The FDA has a special designation for serious yet rare disorders like hemophilia B to incentivize medical research. Hemgenix, for instance, is classified as an 'orphan drug' because it will only treat a small number of patients.
The multi-year clinical research effort for HEMGENIX was led by uniQure (Nasdaq: QURE), and sponsorship of the clinical trials was shifted to CSL after the firm gained international commercialization rights. As part of this designation, the Hemgenix manufacturer, CSL Behring, has exclusive rights to the U.S. marketplace for the next seven years.
The incentives employed by the U.S. government to spur scientific research is a useful way to boost innovation into rare diseases that would otherwise fall by the wayside, but this policy presents a double-edged sword.
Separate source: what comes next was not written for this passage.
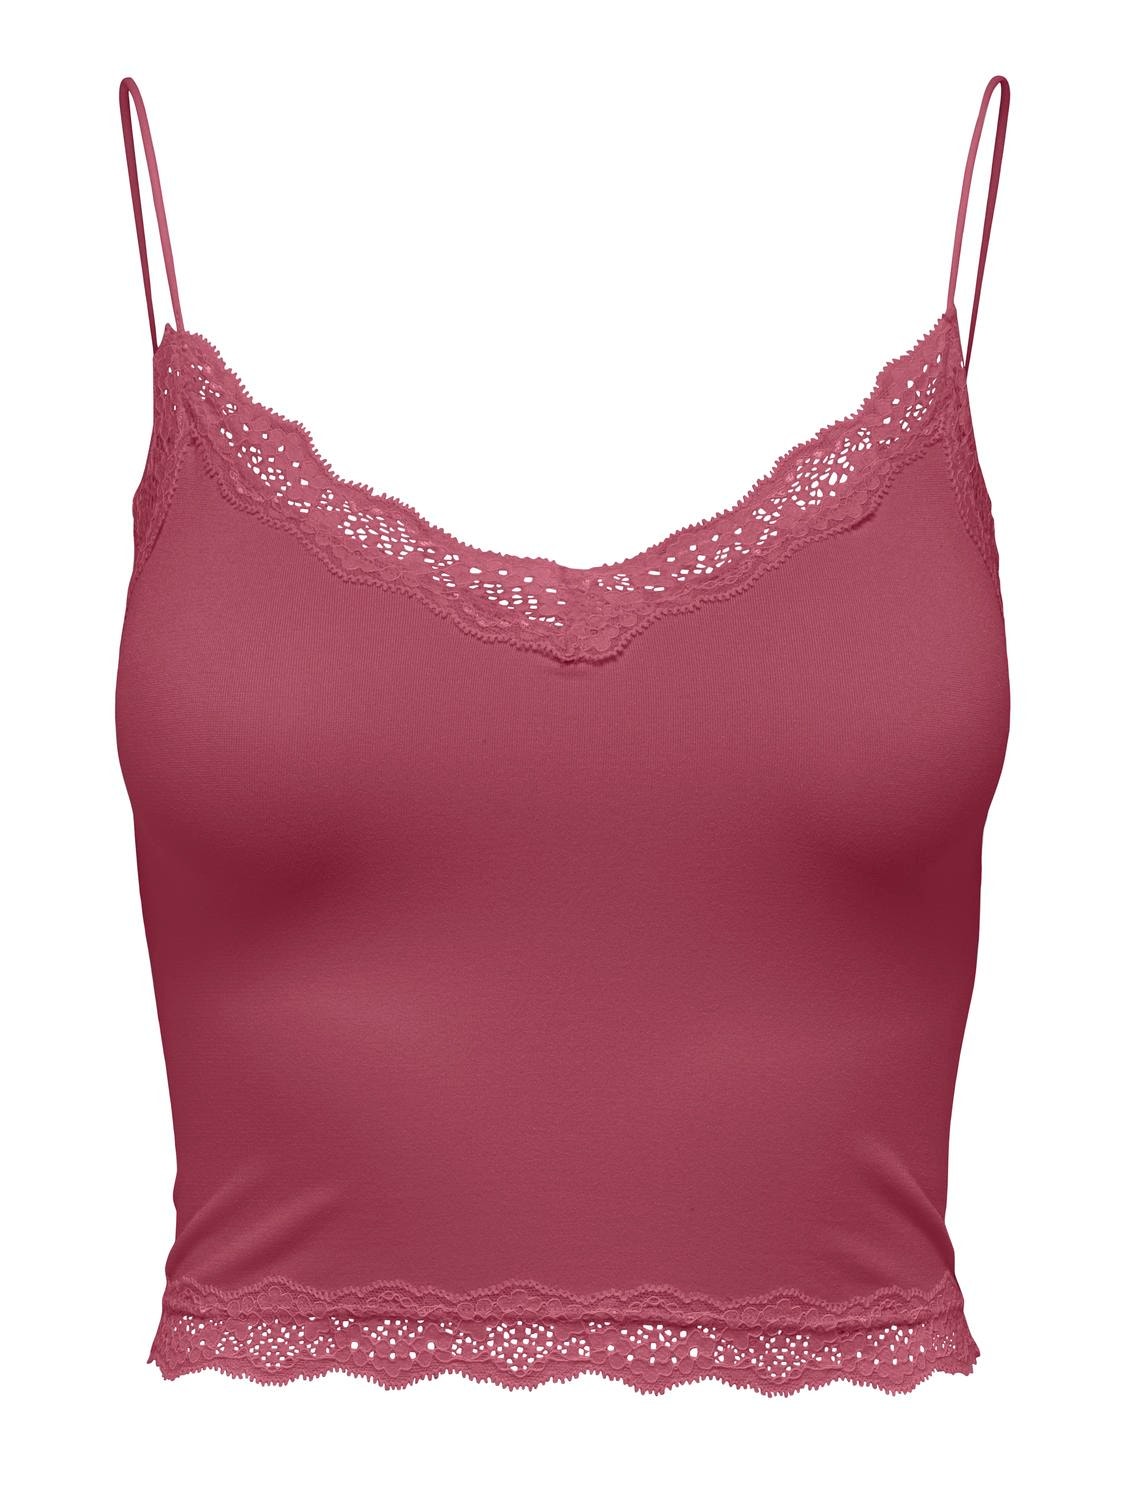 ONLY Crop Top -Dry Rose - 15190175

It also means that the U.S. market shoulders the cost of propping up drug monopolies while other nations that restrict drug prices reap the benefits of international research.
Today, U.S. citizens pay between two and six times more for prescription drugs than in other countries worldwide.
The previous record holder for the most expensive drug was another 'one shot' form of gene therapy for treating spinal muscular atrophy. An estimated US$2 million per course also generated heated debate over how drug companies fund their businesses.
While many drug manufacturers have taken advantage of the orphan drug status over the past few decades to create medicine monopolies, this latest product could be one case where the policy might work for at least some people.
The upfront costs are certainly immense, but for those who might be fortunate enough to have a supportive insurance company, Hemgenix could save millions in medical expenses, improving lives in immeasurable ways.
The European Medicines Agency and its drug regulator counterparts in the United Kingdom and Australia are reviewing the gene therapy treatment for use.
It will be interesting to see how much drug manufacturers can charge for Hemgenix in other parts of the world.